** DATA BLOCK **

□ □ □ □ □

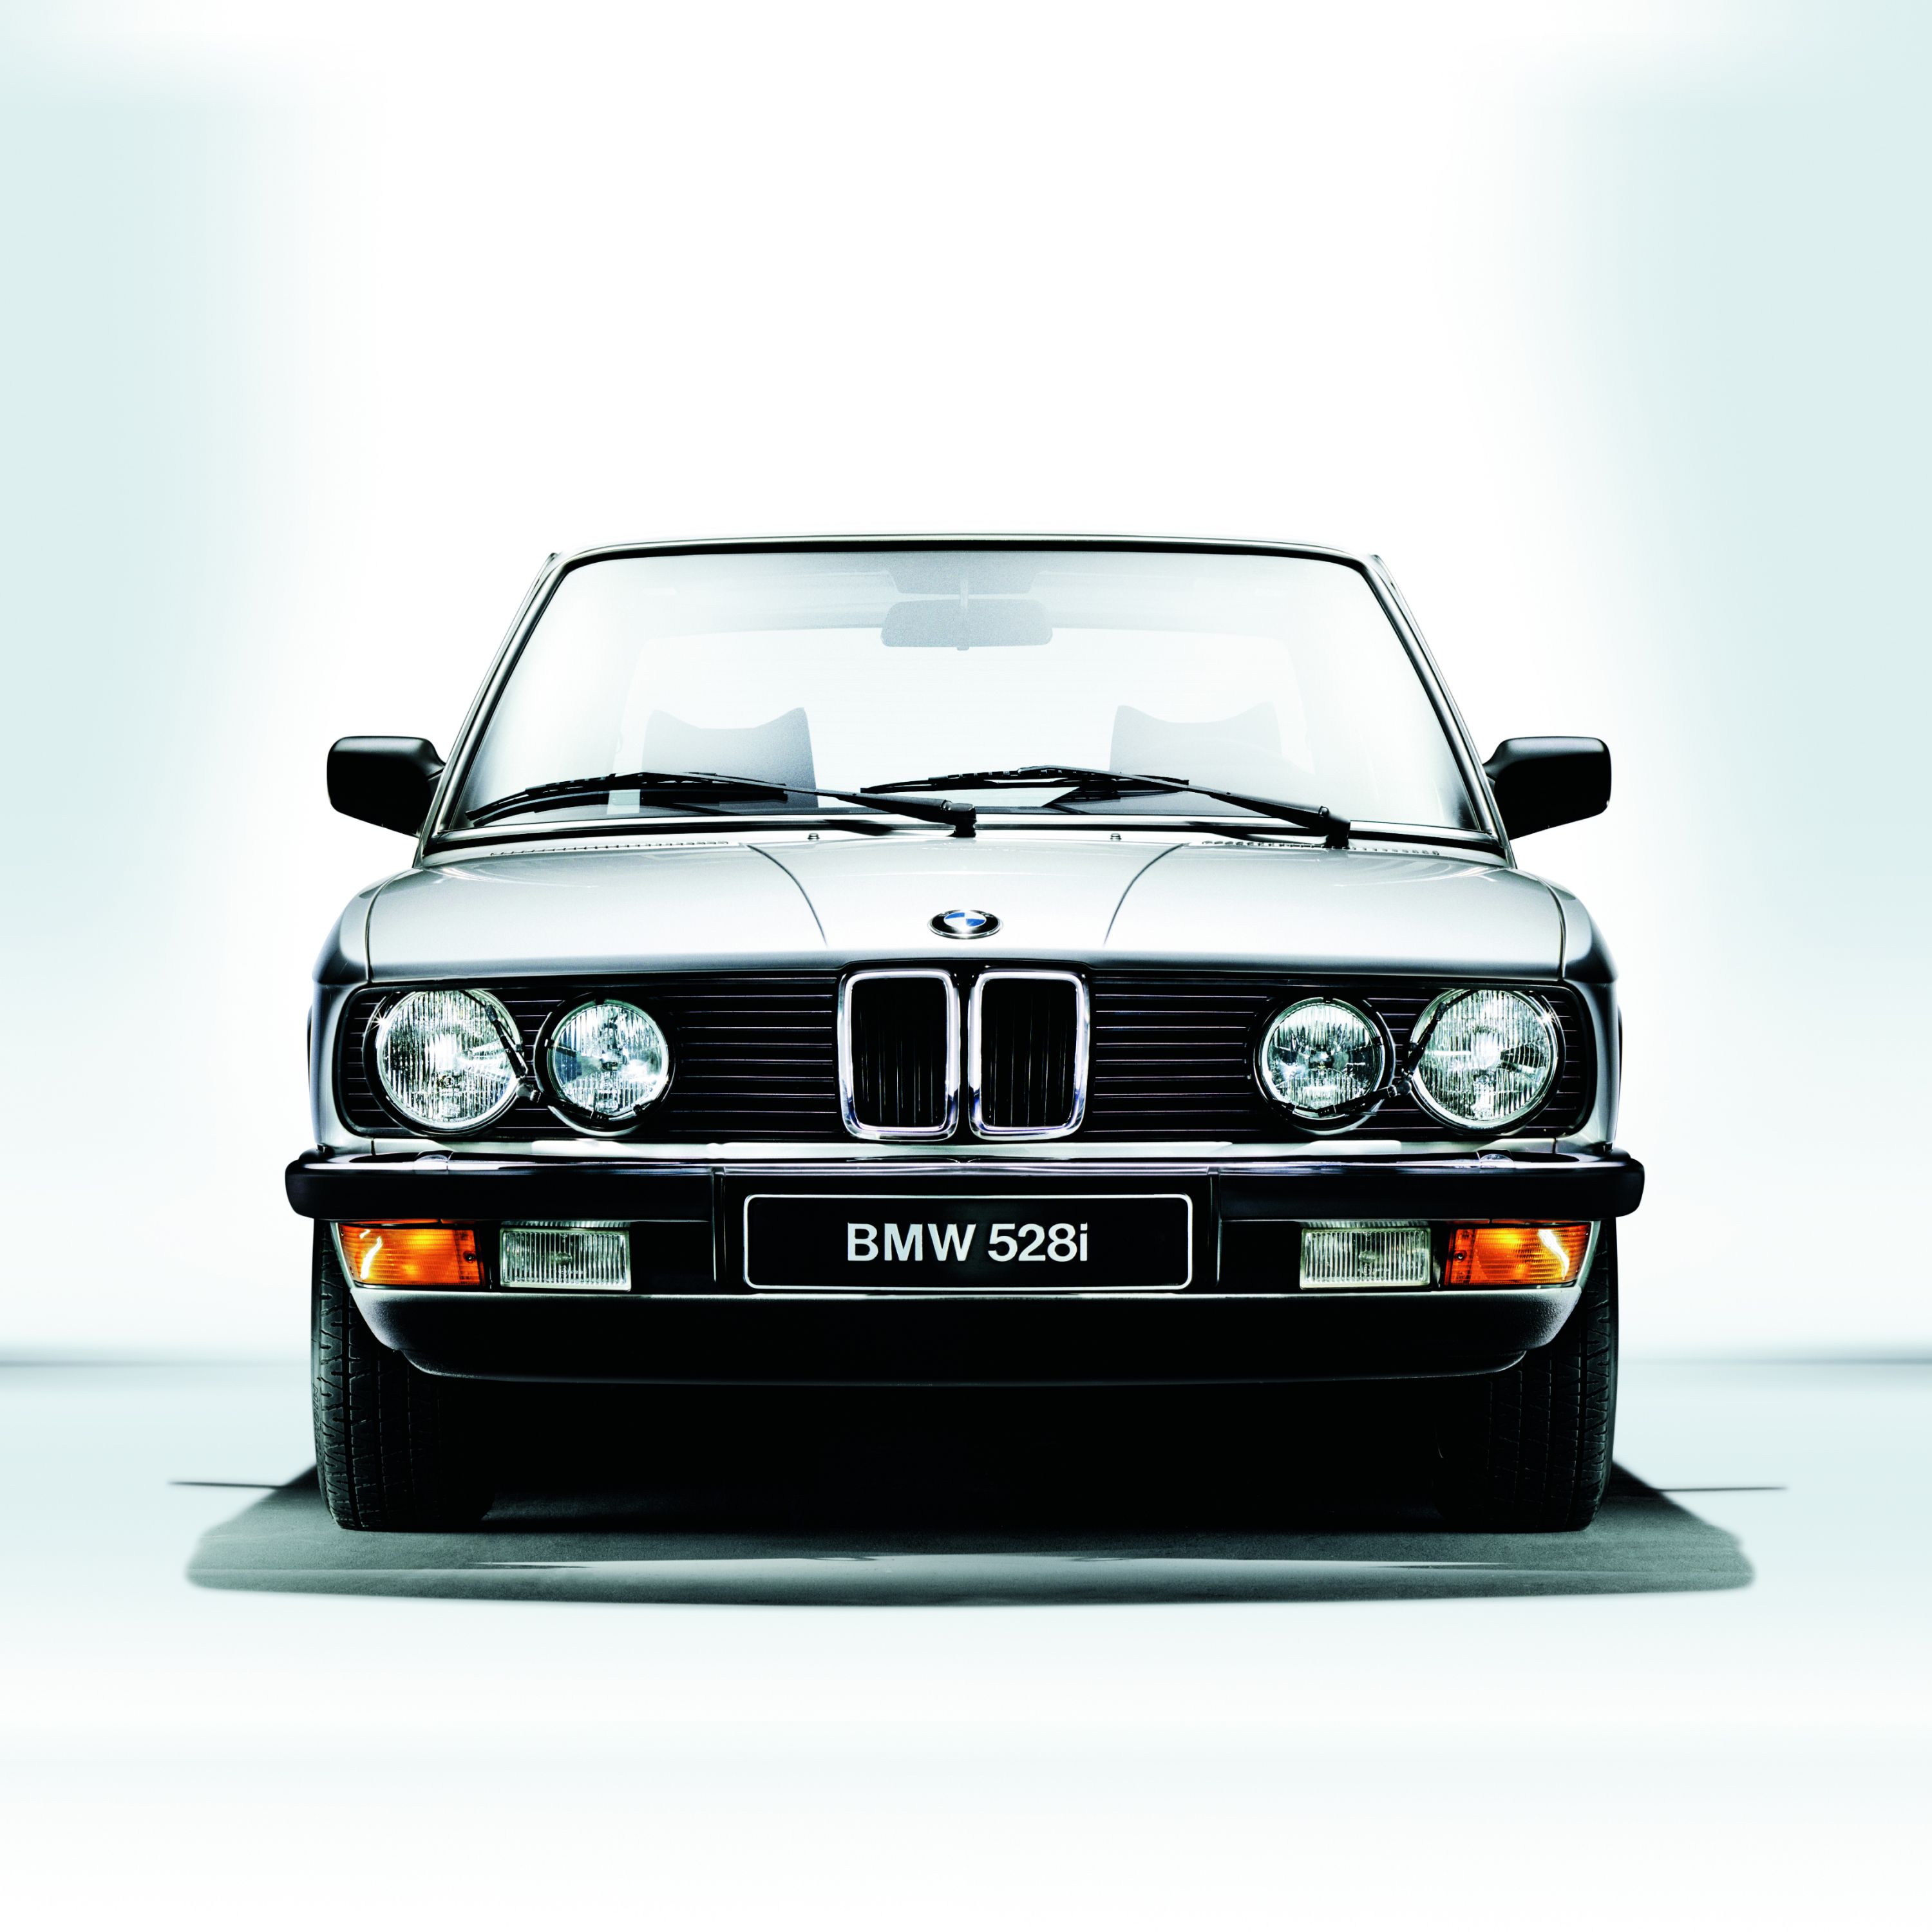 Genuine BMW UK Parts Online - Servicing & Repairs
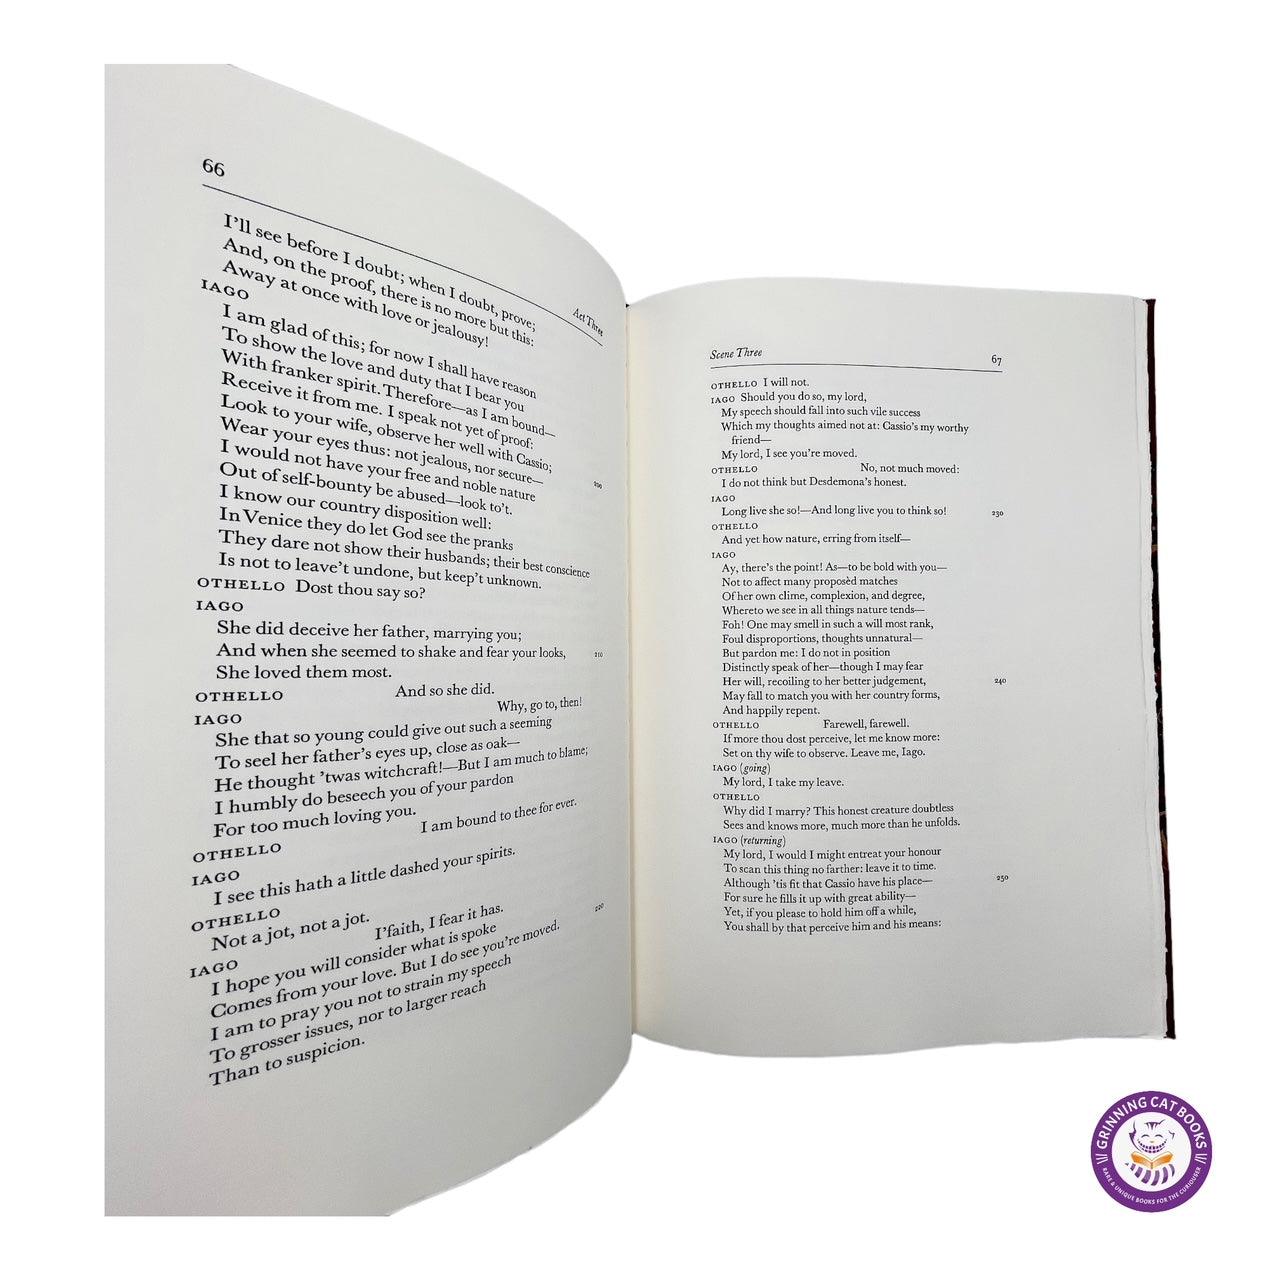 Shakespeare: Othello ("Letterpress Shakespeare" Deluxe Limited Edition) - Grinning Cat Books - Books - DRAMA, SHAKESPEARE
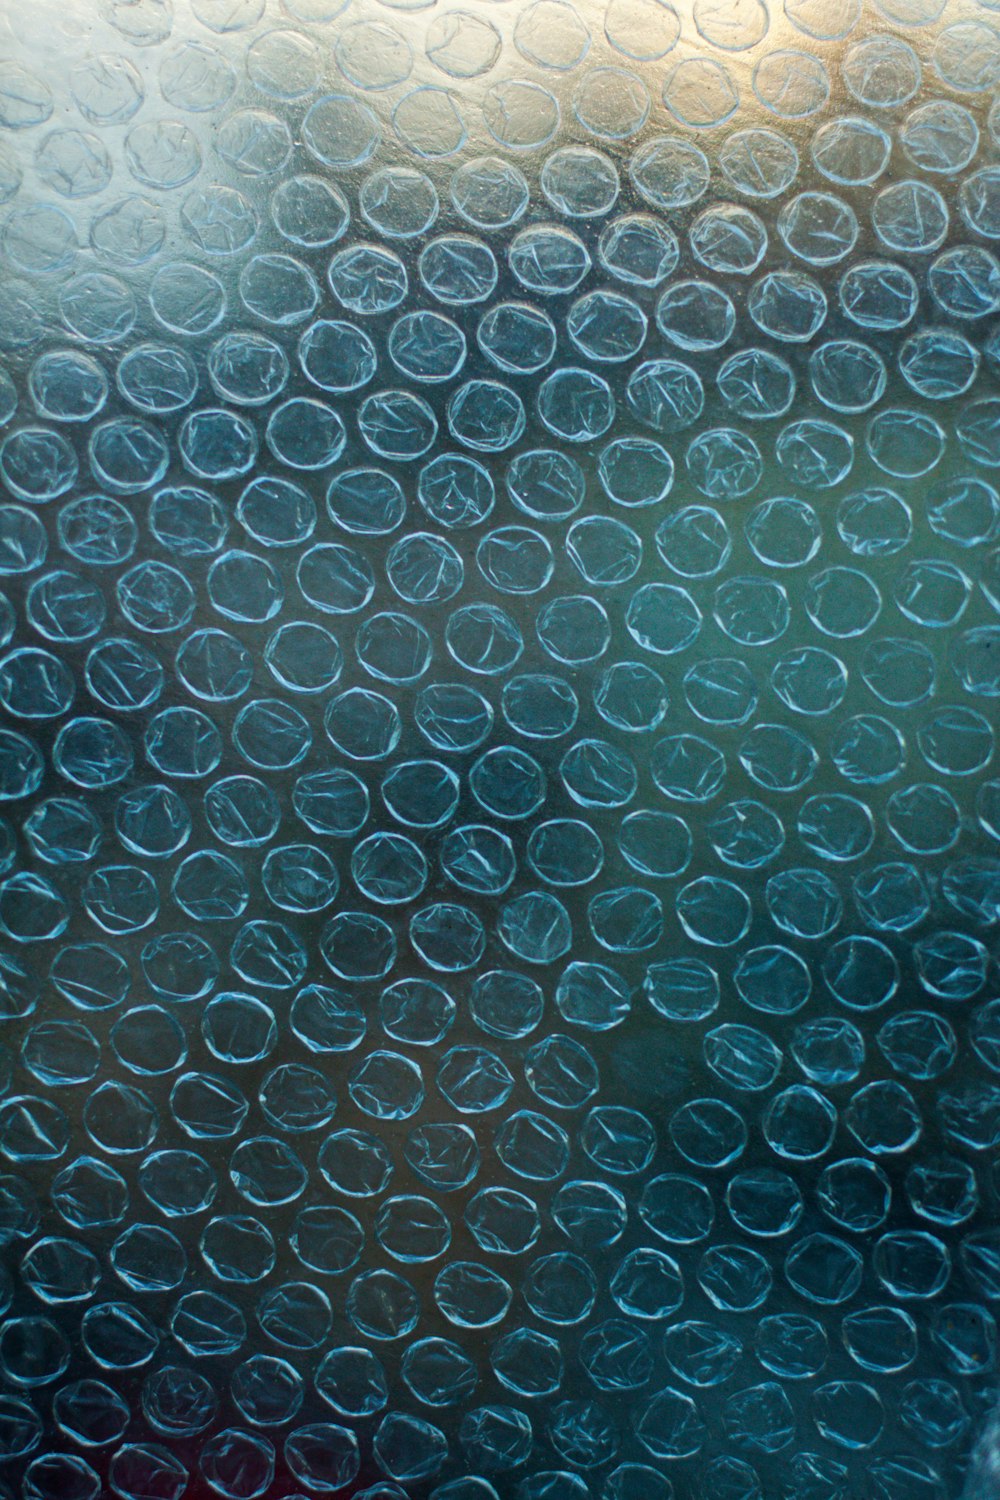 A blue bubble wrap pattern background.

□ □ □ □ □

** PROBLEM STATEMENT **
Return the data exactly. Do not carry over any images.

** EXPECTED OUTPUT **
 Genuine BMW UK Parts Online - Servicing & Repairs
 Shakespeare: Othello ("Letterpress Shakespeare" Deluxe Limited Edition) - Grinning Cat Books - Books - DRAMA, SHAKESPEARE
 A blue bubble wrap pattern background.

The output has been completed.